ポート番号をデフォルトの 3306 から別のものに変えてテストを並列で実行できるようにしたいところですが、上のサンプルで用いた MySQLContainer クラスでポート番号を 3306 固定で持っているため変更できません(自分で MySQLContainer を書き直せばできるかもしれない)。ついでですが、 データベーススキーマ名、ユーザー名、パスワード、ルートのパスワードも test で統一されていたりします。

という感じで MySQLContainer クラスはわりと雑な実装になっています。

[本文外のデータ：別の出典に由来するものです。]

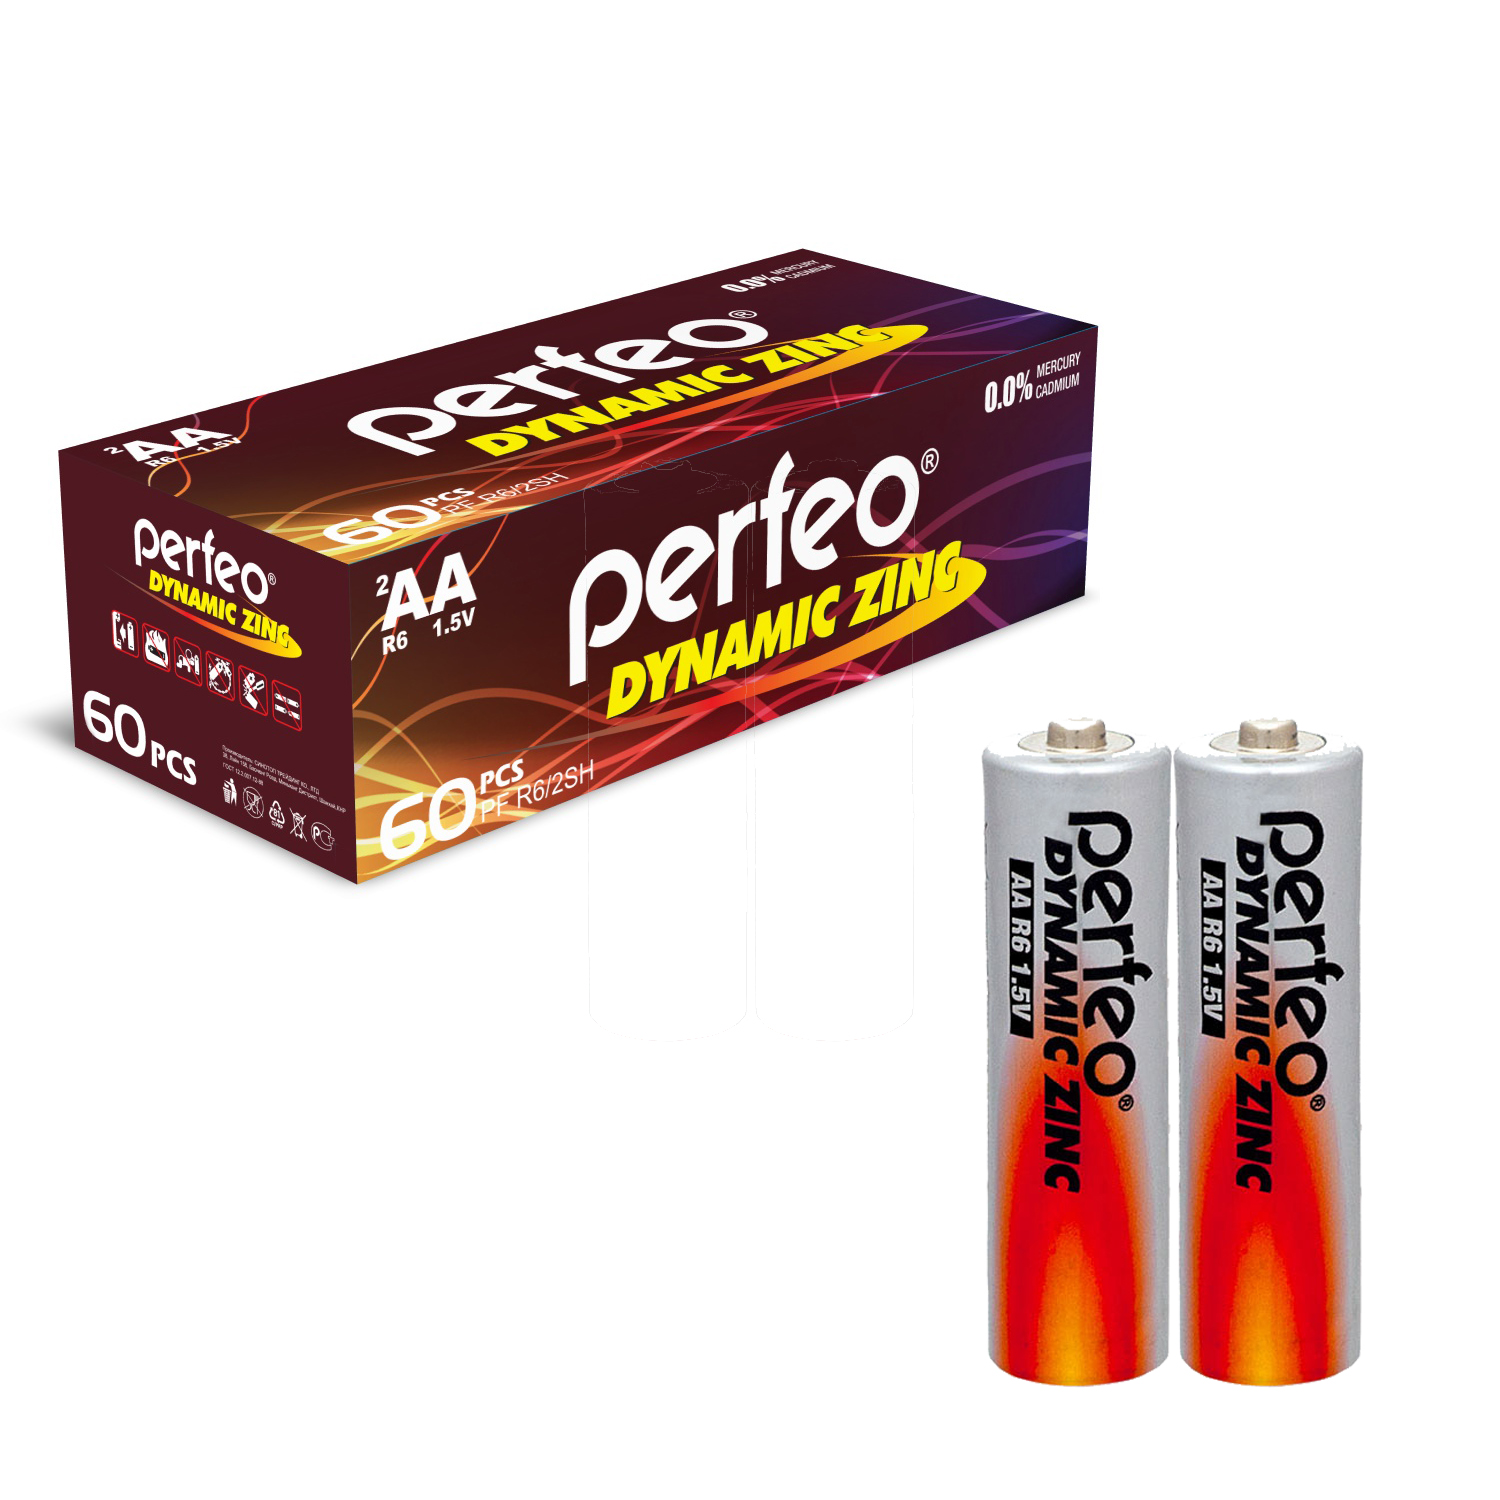 Батарейки Perfeo Dynamic Zinc AA (LR6), 60 шт, 30x2 шт батарейки perfeo super alkaline aa lr6 60 шт 30x2 шт

ただ、デフォルトの MySQLContainer の型が MySQLContainer<SELF extends MySQLContainer<SELF>> となっているので、このクラスは継承して利用することを前提に作られているのかもしれません。

2. my.cnf を書き換えられない

DockerのMySQLイメージで my.cnf をカスタマイズしたい場合は、 my.cnf ファイルの置かれたディレクトリーを /etc/mysql/conf.d にマウントすることで実現できますが、testcontainersで試した所、コンテナが起動できずテストが落ちました。そのような理由でtestcontainersでMySQLを用いる場合、デフォルトの my.cnf でテストすることになり、日本語がもれなく文字化けします。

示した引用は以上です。